Why did the command uniq -c put a whitespace at the beginning?
The default behaviour of uniq is to right-justify the frequency in a line 7 spaces wide, then separate the frequency from the item with a single space.
Source : https://www.thelinuxrain.com/articles/tweaking-uniq-c
Remove the leading spaces with sed :
$ sort input | uniq -c | sort -nr | sed 's/^\s*//' > output
uniq -c
adds leading whitespace. E.g.
$ echo test
test
$ echo test | uniq -c
1 test
You could add a command at the end of the pipeline to remove it. E.g.
$ echo test | uniq -c | sed 's/^\s*//'
1 test
FWIW you can use a different sorting tool for more flexibility. Python is one such tool.
Source
#!/usr/bin/python3
import sys, operator, collections
counter = collections.Counter(map(operator.methodcaller('rstrip', '\n'), sys.stdin))
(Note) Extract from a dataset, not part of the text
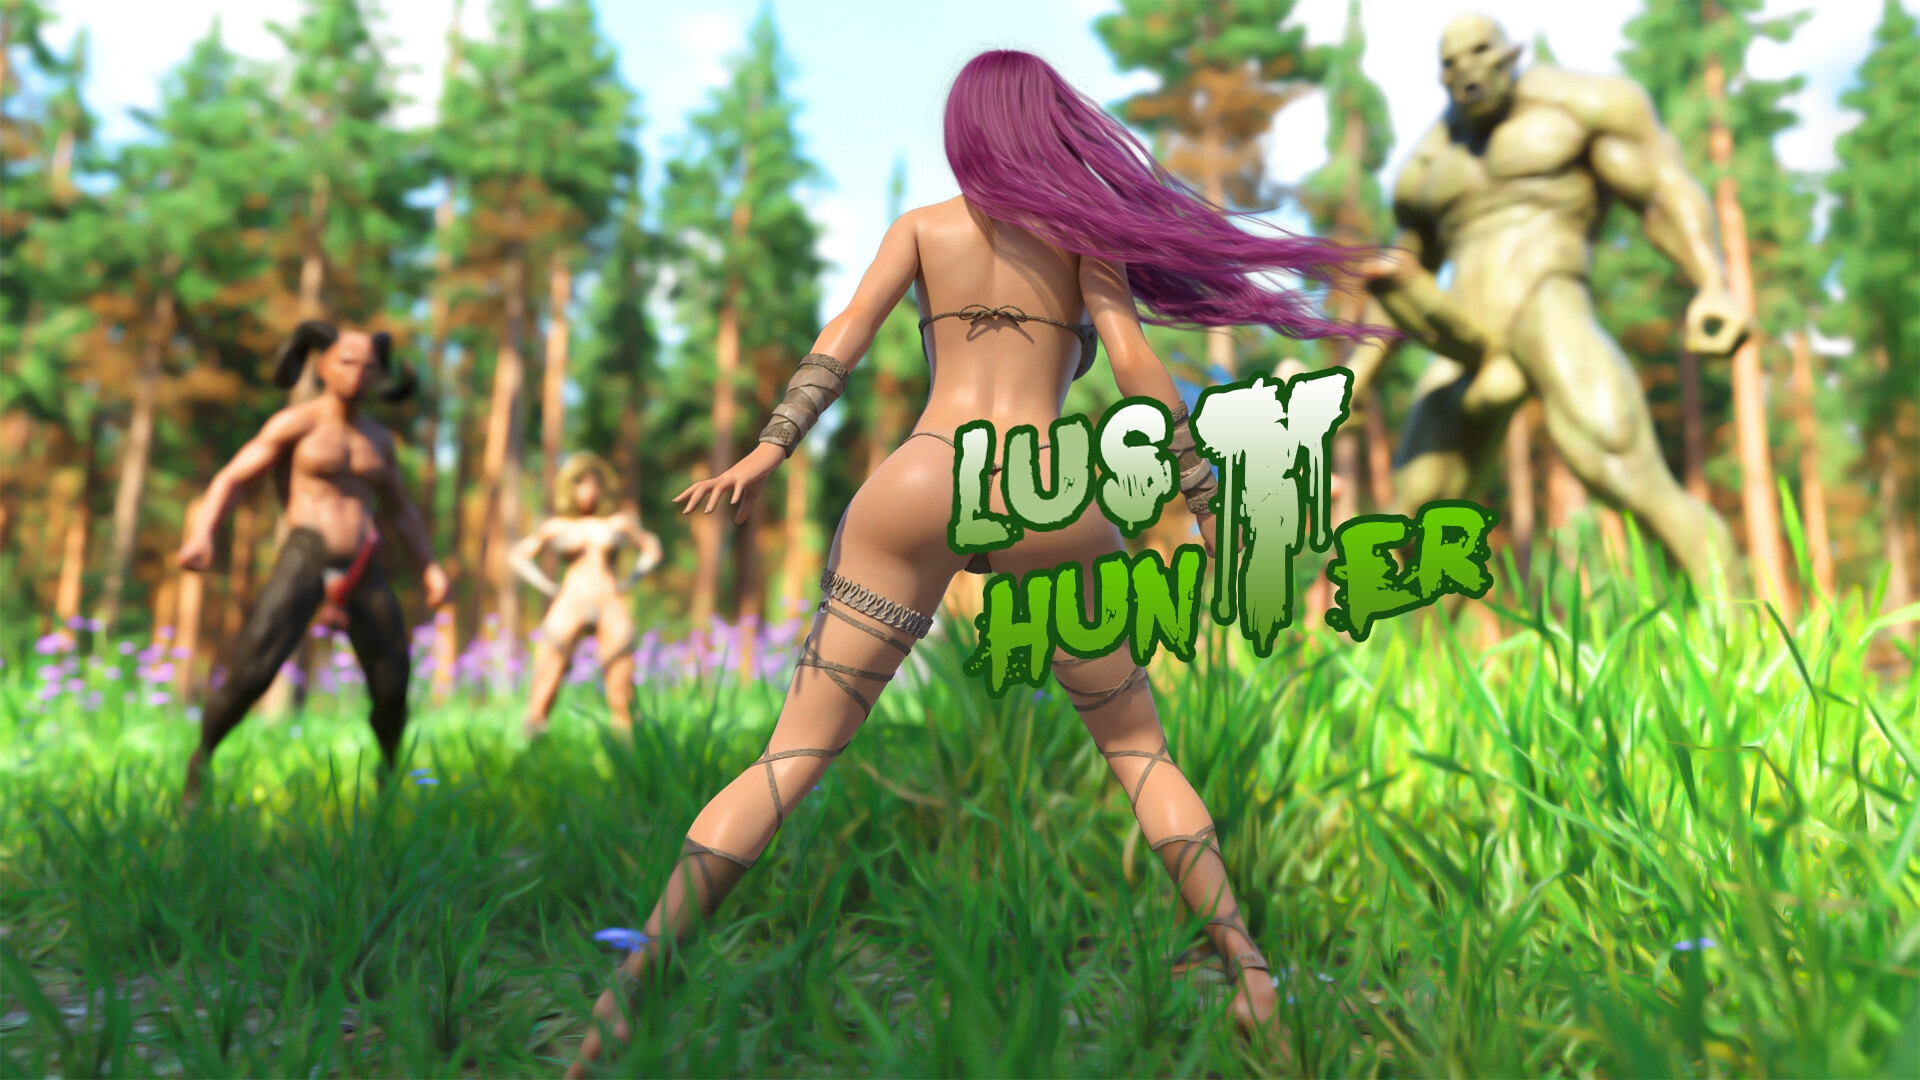 Lust Hunter Main Image
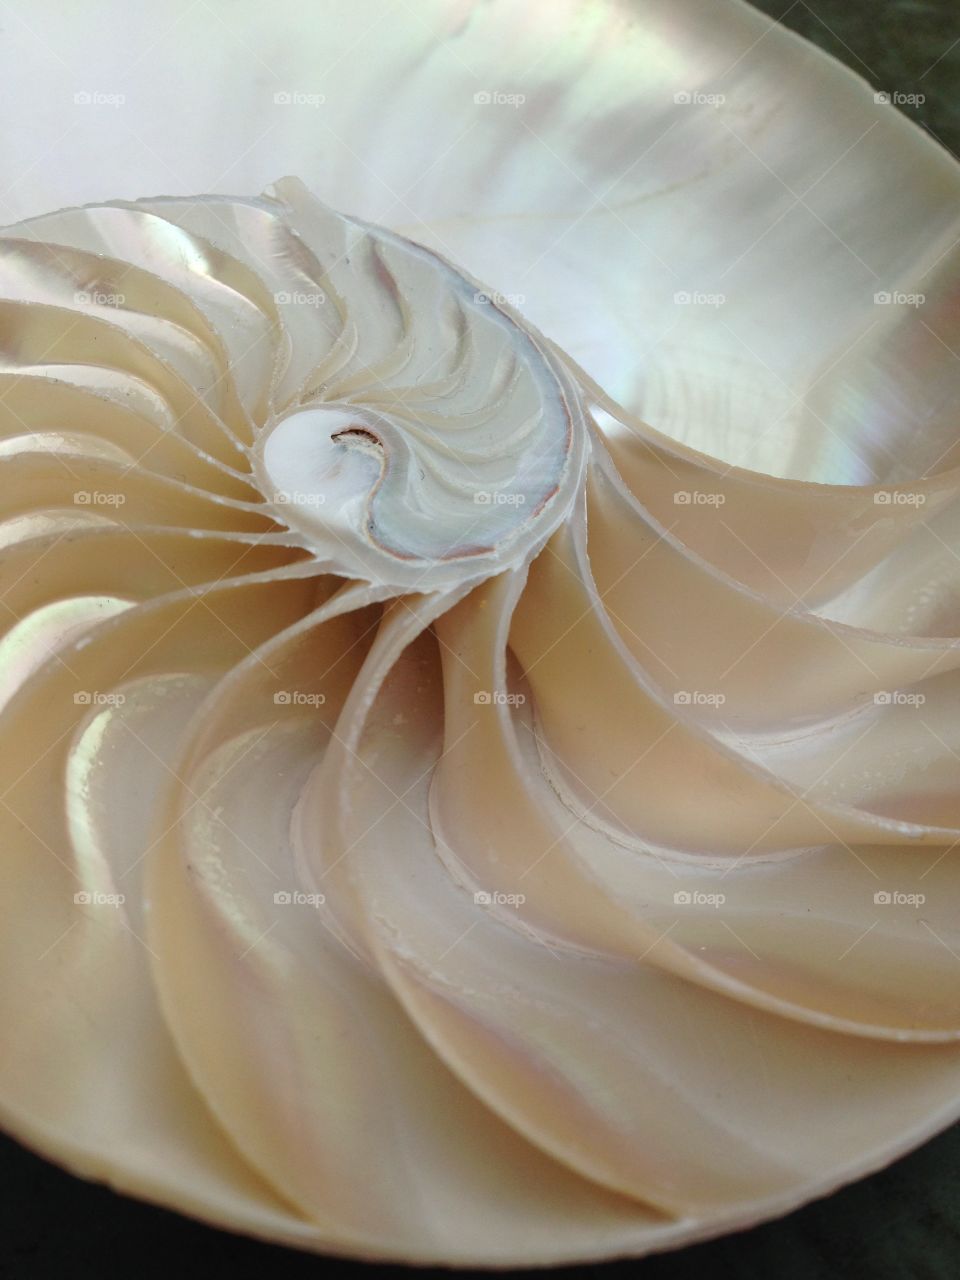 Nautilus shell cross section spiral symmetry pompilius seashell Fibonacci sequence swirl snail mollusk

for item, count in counter.most_common():
print(count, item)
In theory this would even be faster than the sort
tool for large inputs since the above program uses a hash table to identify duplicate lines instead of a sorted list. (Alas it places lines of identical count in an arbitrary instead of a natural order; this can be amended and still be faster than two sort
invocations.)
Output Format
If you want more flexibility on the output format you can look into the print()
and format()
built-in functions.
For instance, if you want to print the count number in octal with up to 7 leading zeros and followed by a tab instead of a space character with a NUL line terminator, replace the last line with:
print(format(count, '08o'), item, sep='\t', end='\0')
Usage
Store the script in a file, say sort_count.py
, and invoke it with Python:
python3 sort_count.py < input